Supplied information
◇ ◇ ◇ ◇ ◇ ◇ ◇

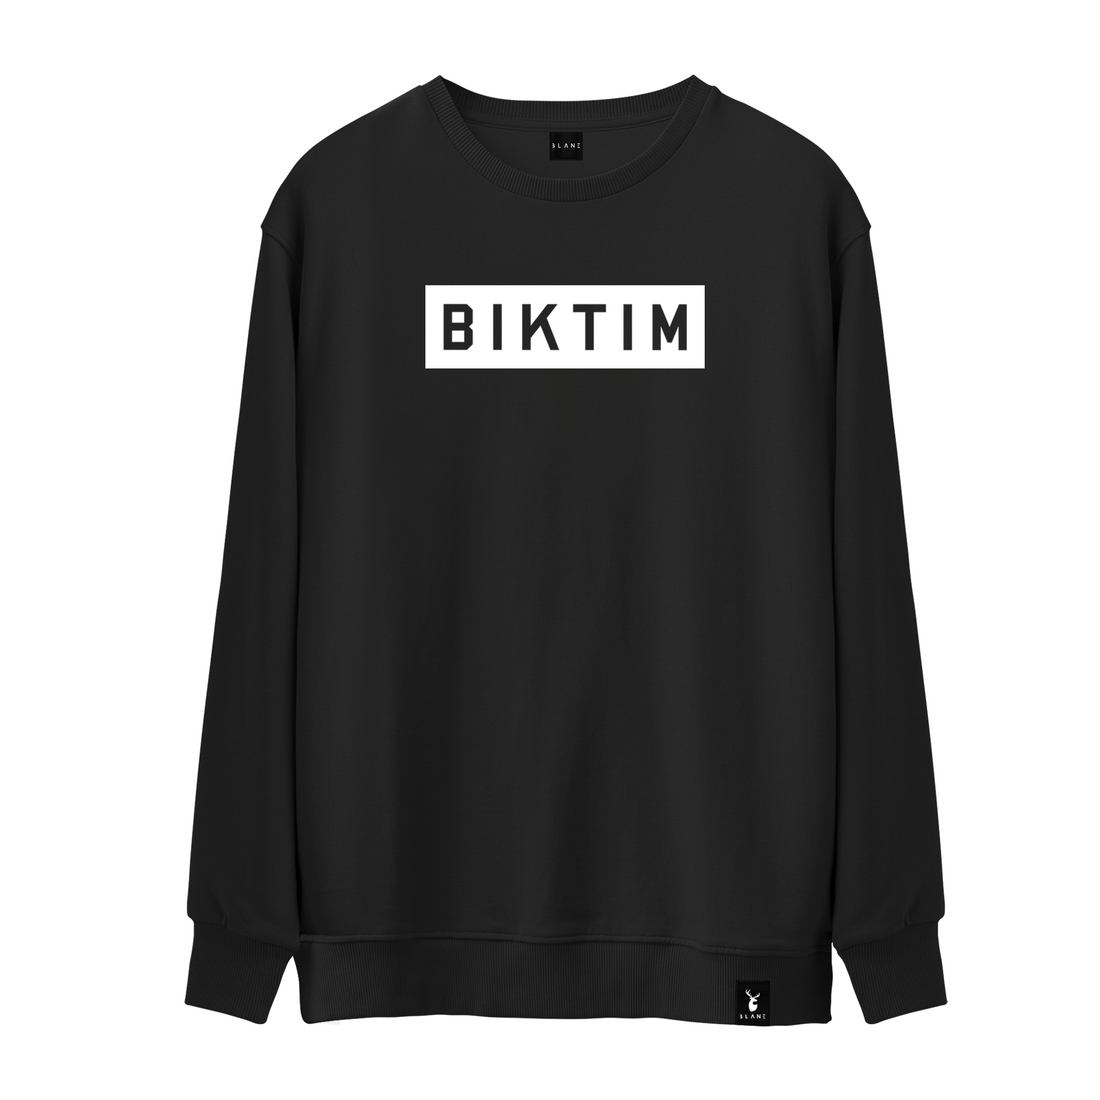 BIKTIM - Sweatshirt
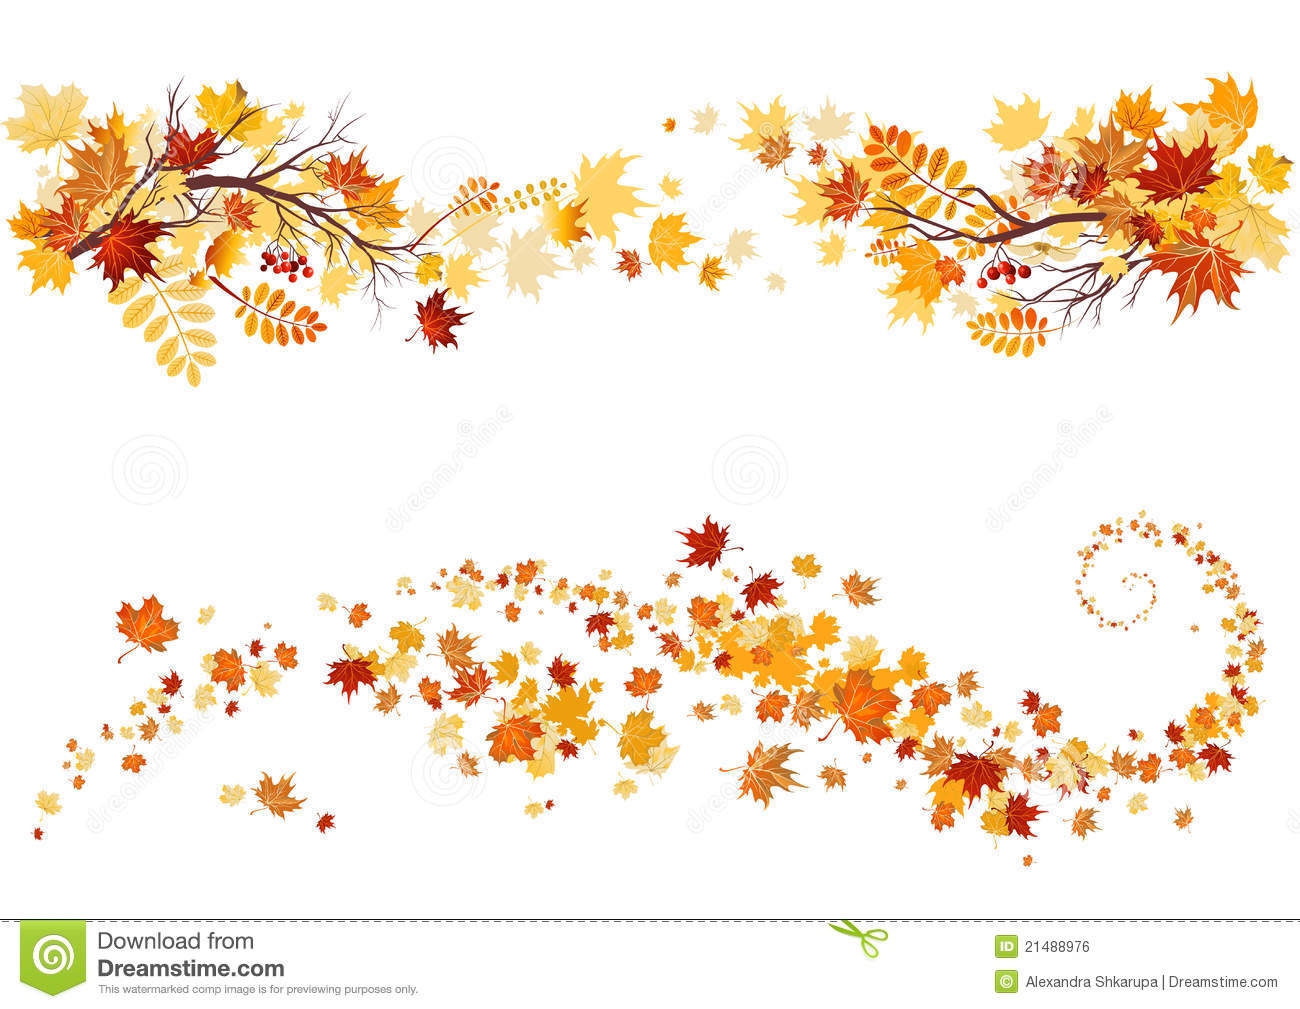 Autumn Leaves Border Royalty Free Stock Image   Image  21488976
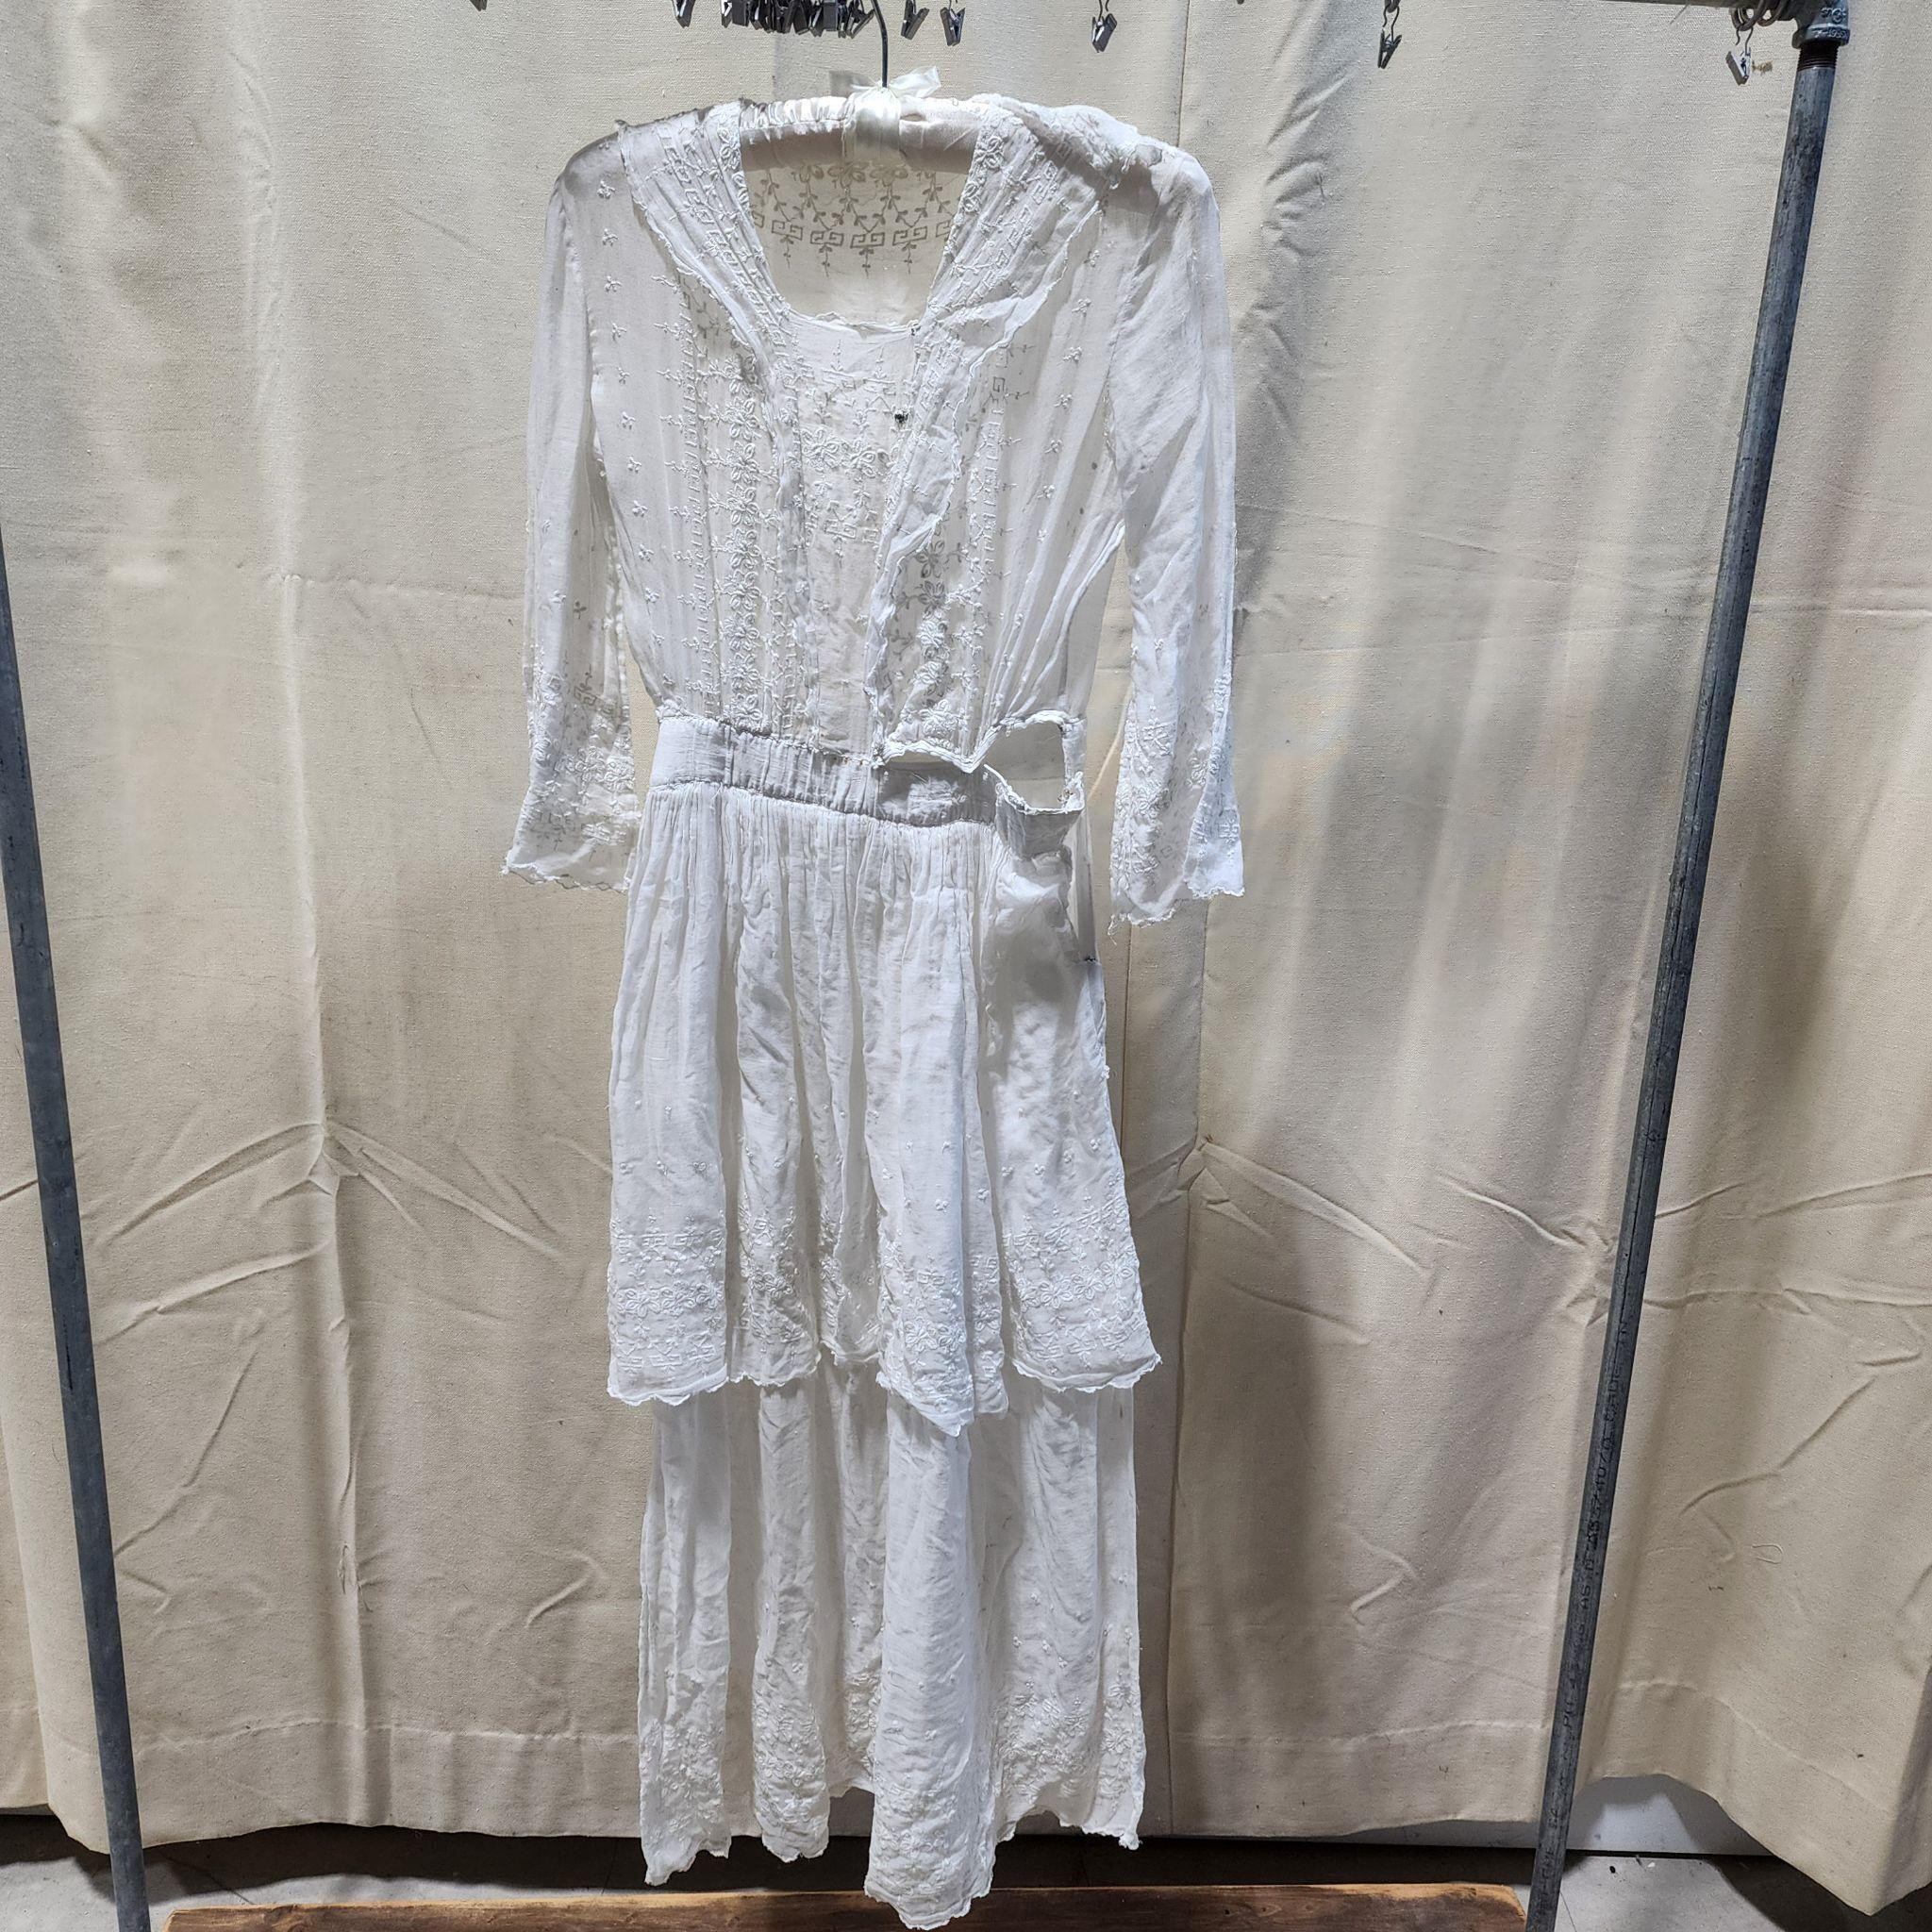 Antique white dress

◇ ◇ ◇ ◇ ◇ ◇ ◇

Assignment
Word for word, quote the full listing, omitting every picture.

Your solution
 BIKTIM - Sweatshirt
 Autumn Leaves Border Royalty Free Stock Image   Image  21488976
 Antique white dress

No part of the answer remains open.